• [Your goal] Your task is to copy the records that follow exactly, minus any images.

_ _ _ _ _

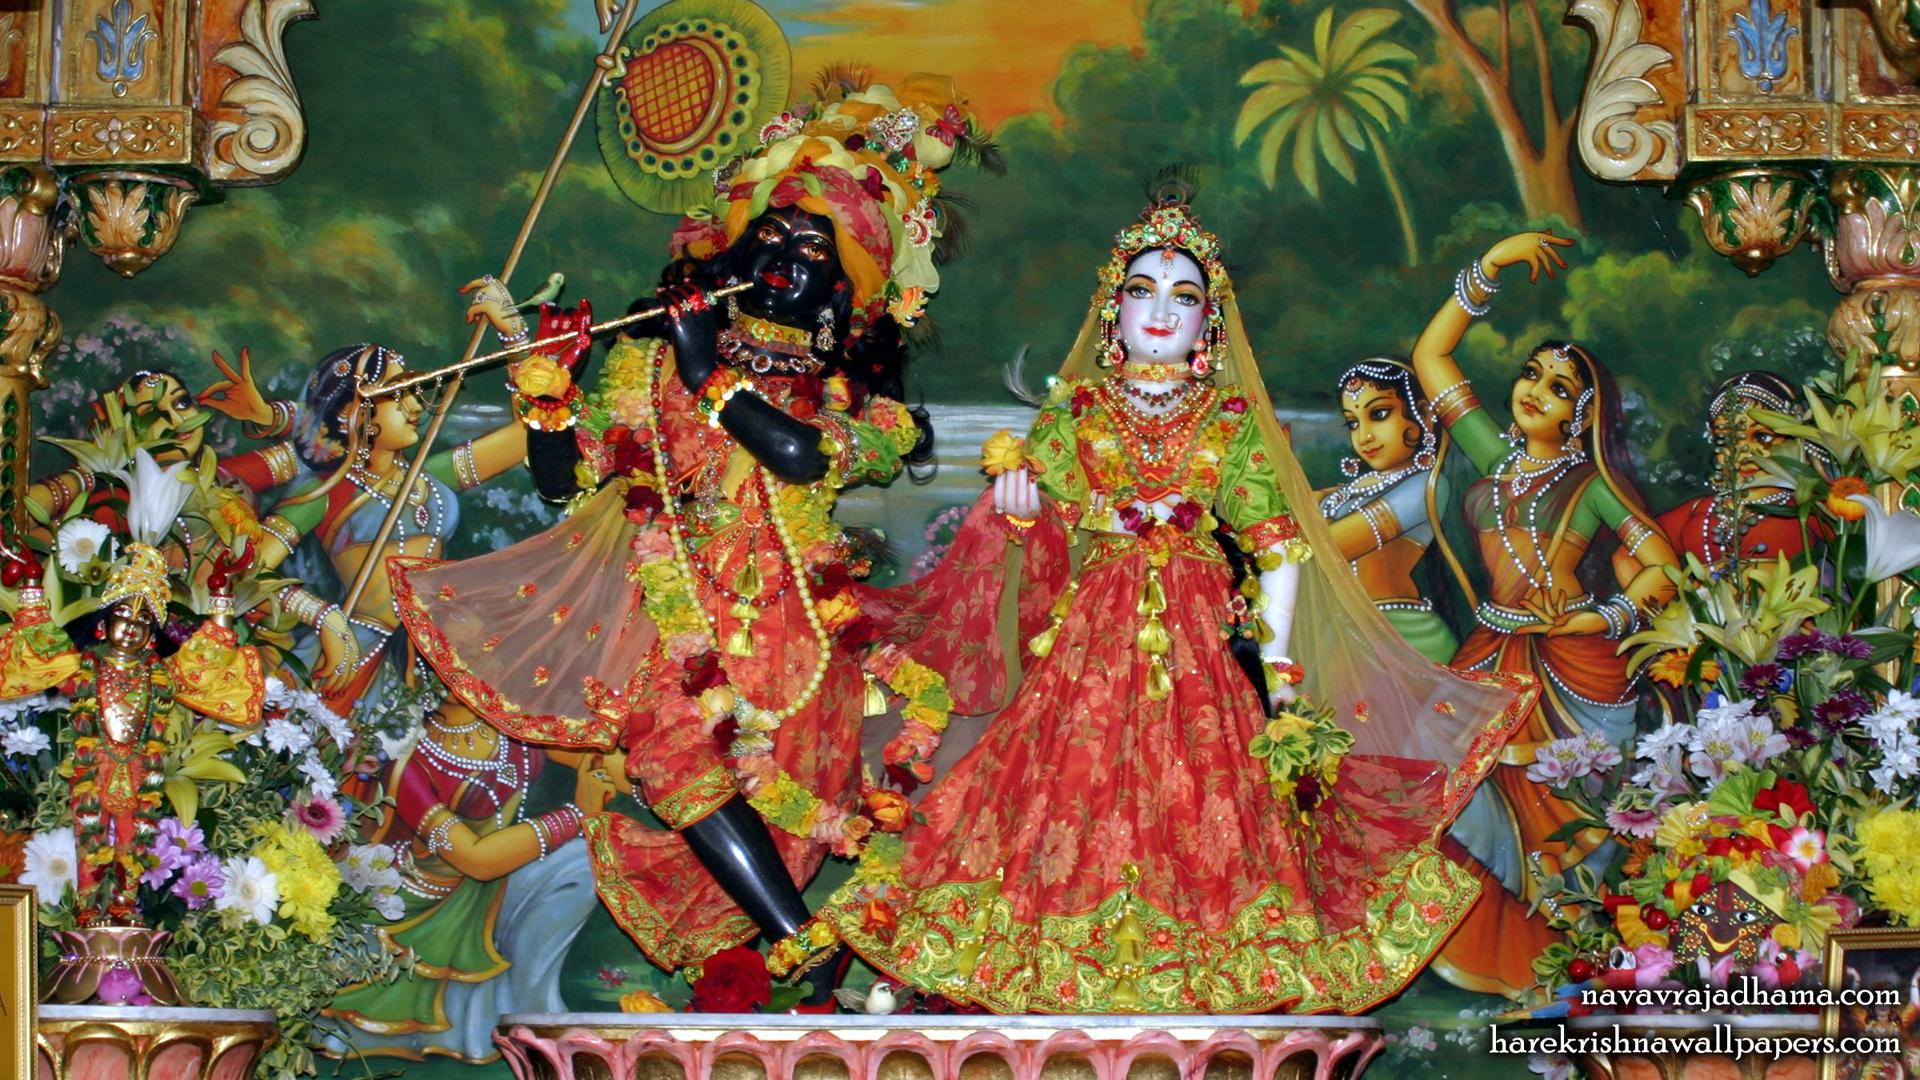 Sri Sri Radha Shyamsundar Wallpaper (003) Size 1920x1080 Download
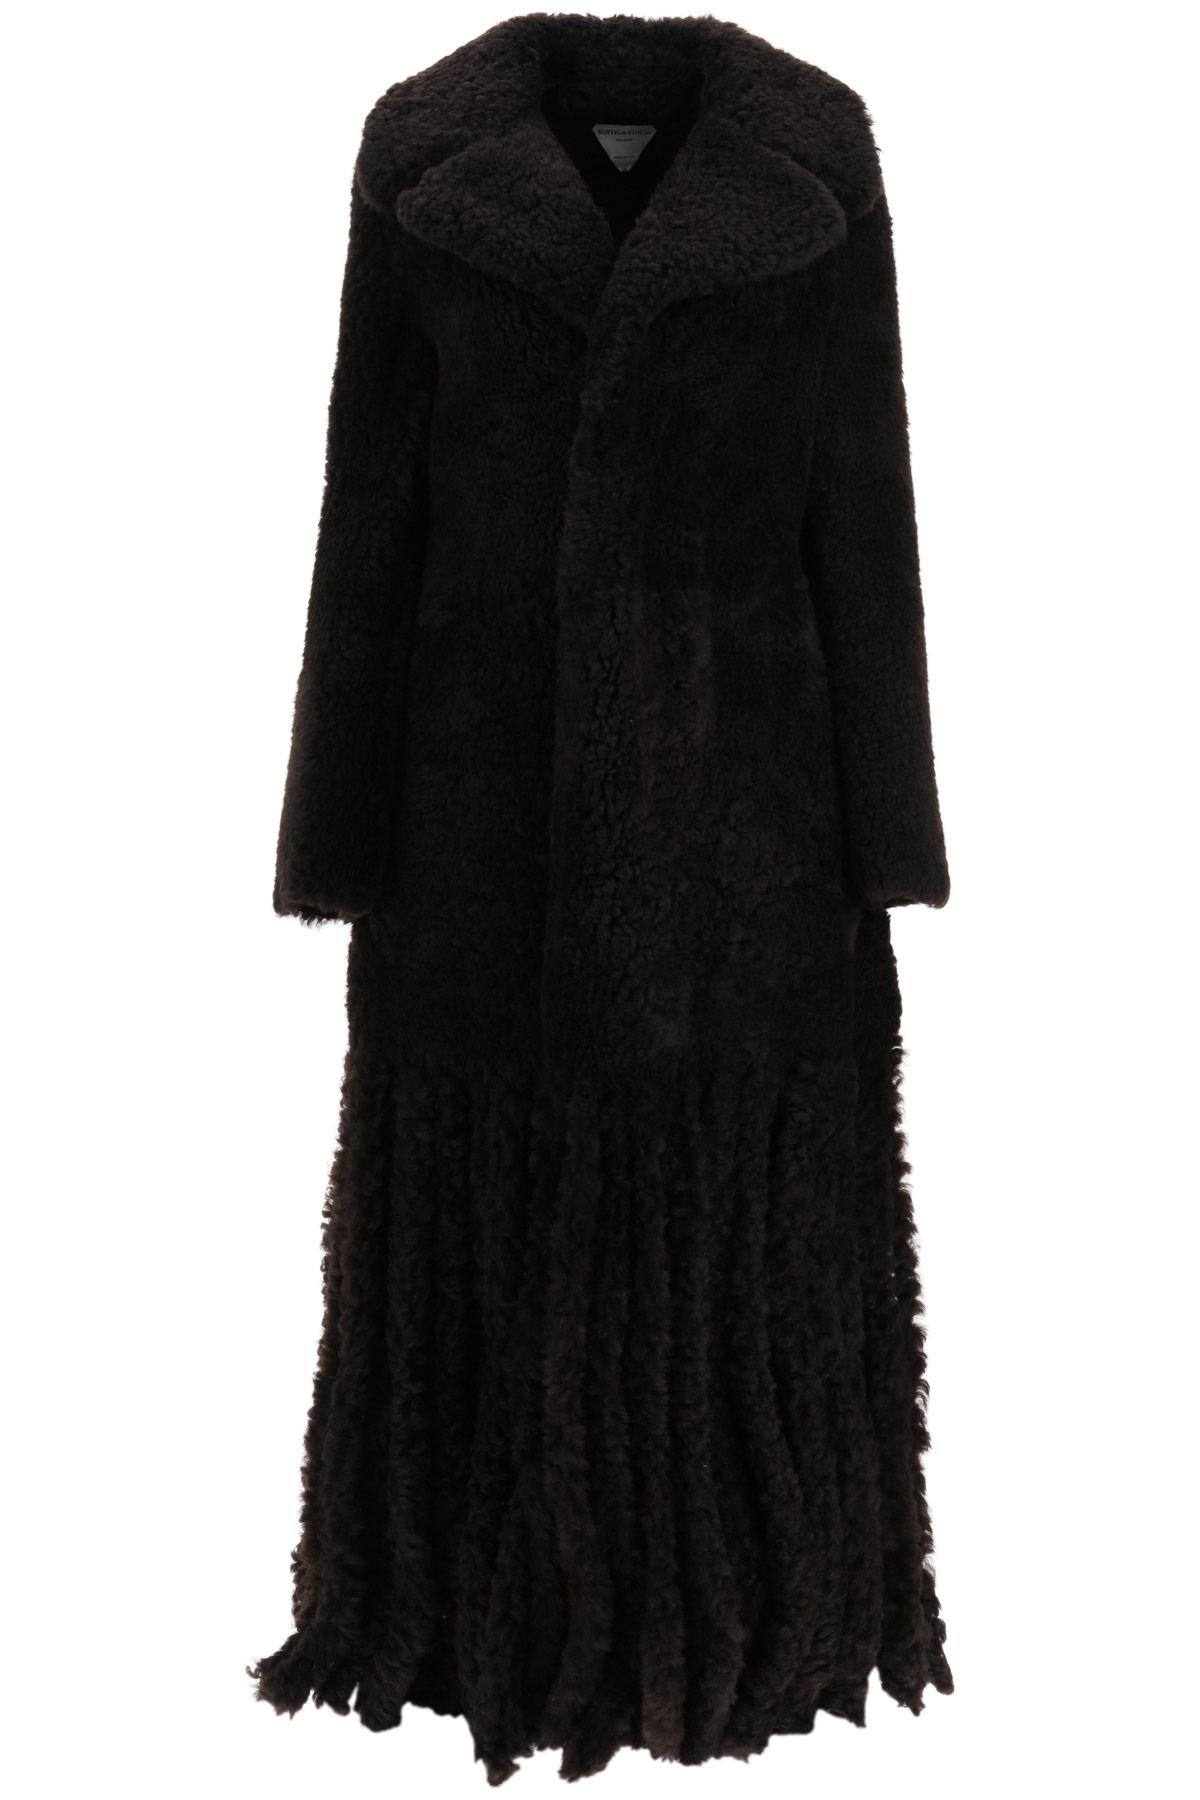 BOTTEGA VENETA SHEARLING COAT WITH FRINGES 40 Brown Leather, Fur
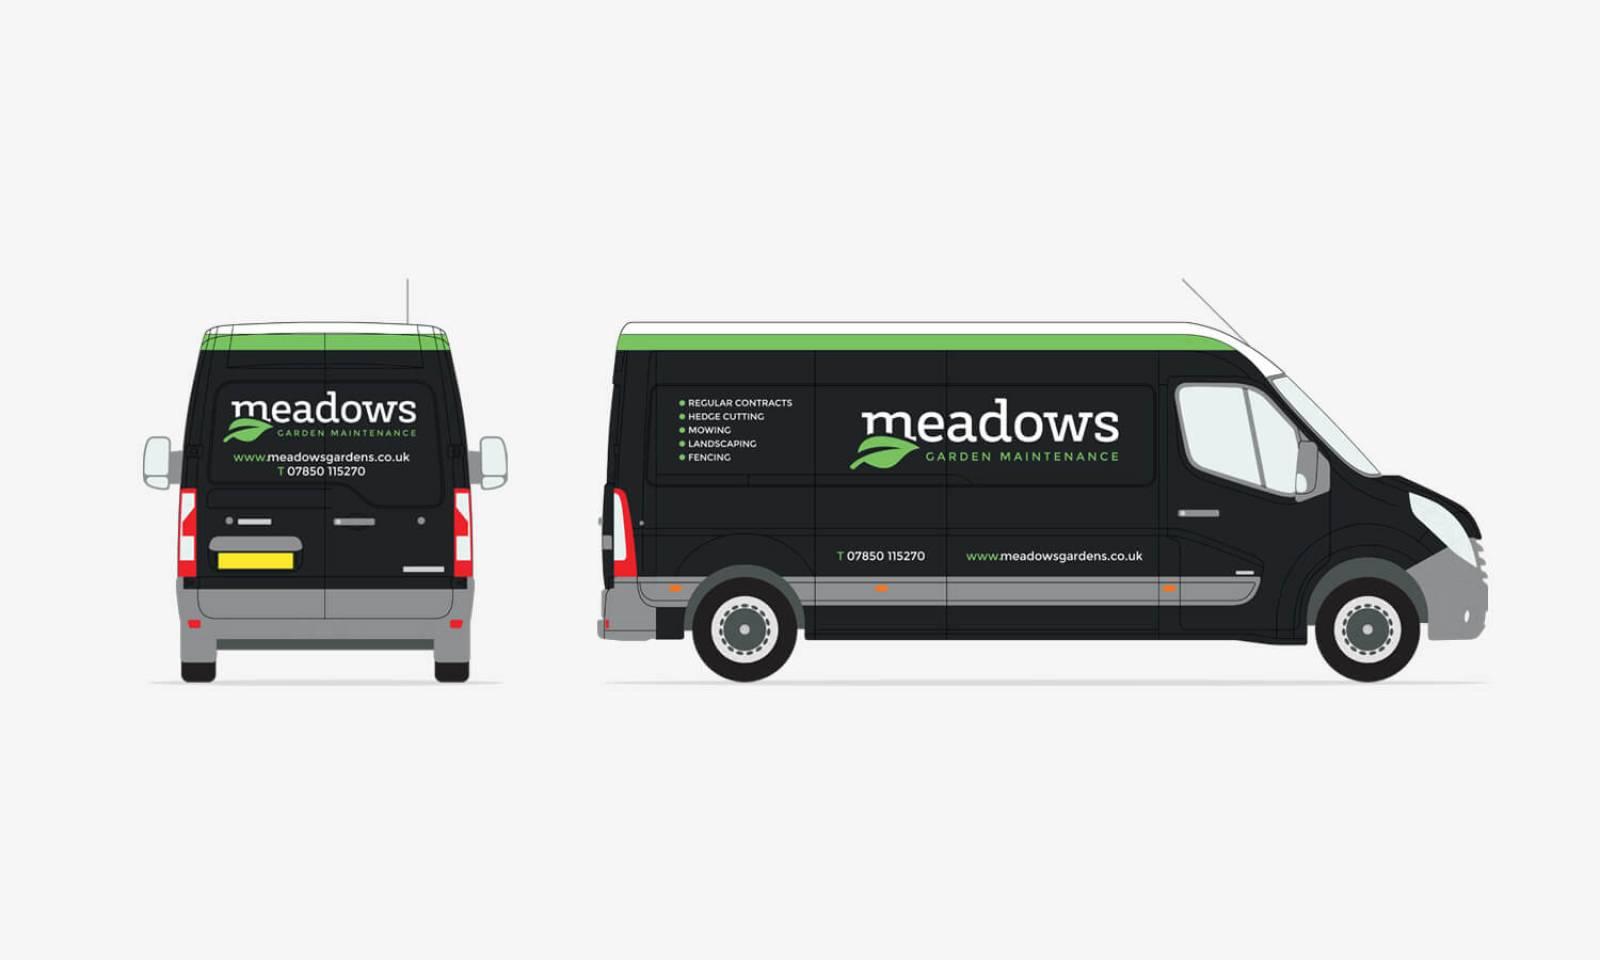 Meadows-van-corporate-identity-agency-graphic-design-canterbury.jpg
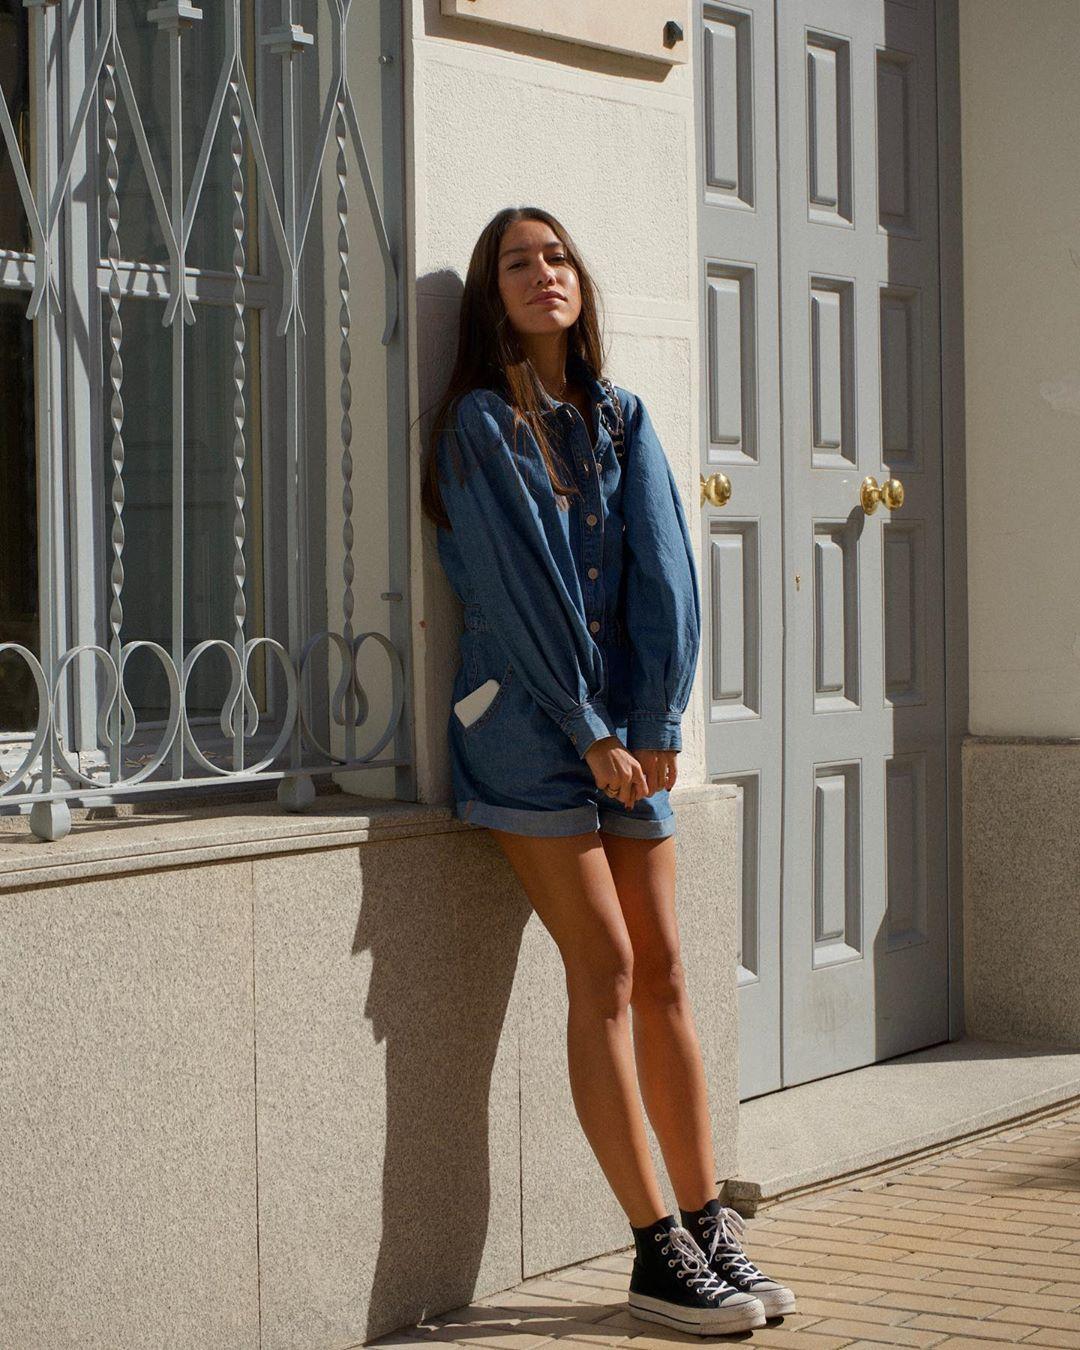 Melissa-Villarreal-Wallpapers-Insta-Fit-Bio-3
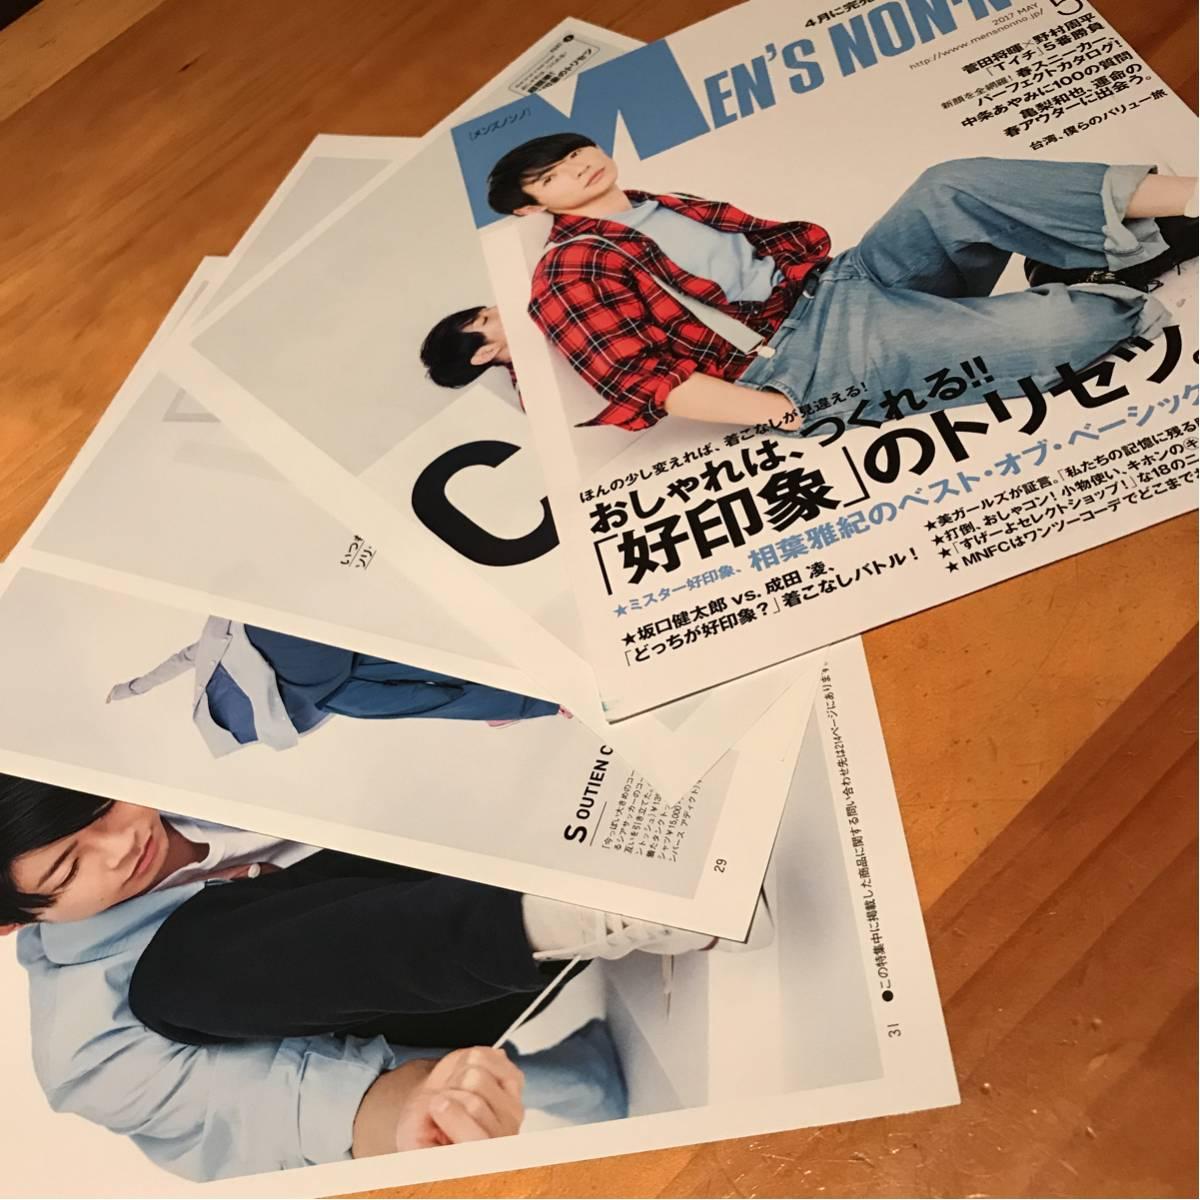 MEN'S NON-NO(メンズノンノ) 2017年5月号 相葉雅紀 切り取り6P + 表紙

_ _ _ _ _

• [Expected answer]
 Sri Sri Radha Shyamsundar Wallpaper (003) Size 1920x1080 Download
 BOTTEGA VENETA SHEARLING COAT WITH FRINGES 40 Brown Leather, Fur
 Meadows-van-corporate-identity-agency-graphic-design-canterbury.jpg
 Melissa-Villarreal-Wallpapers-Insta-Fit-Bio-3
 MEN'S NON-NO(メンズノンノ) 2017年5月号 相葉雅紀 切り取り6P + 表紙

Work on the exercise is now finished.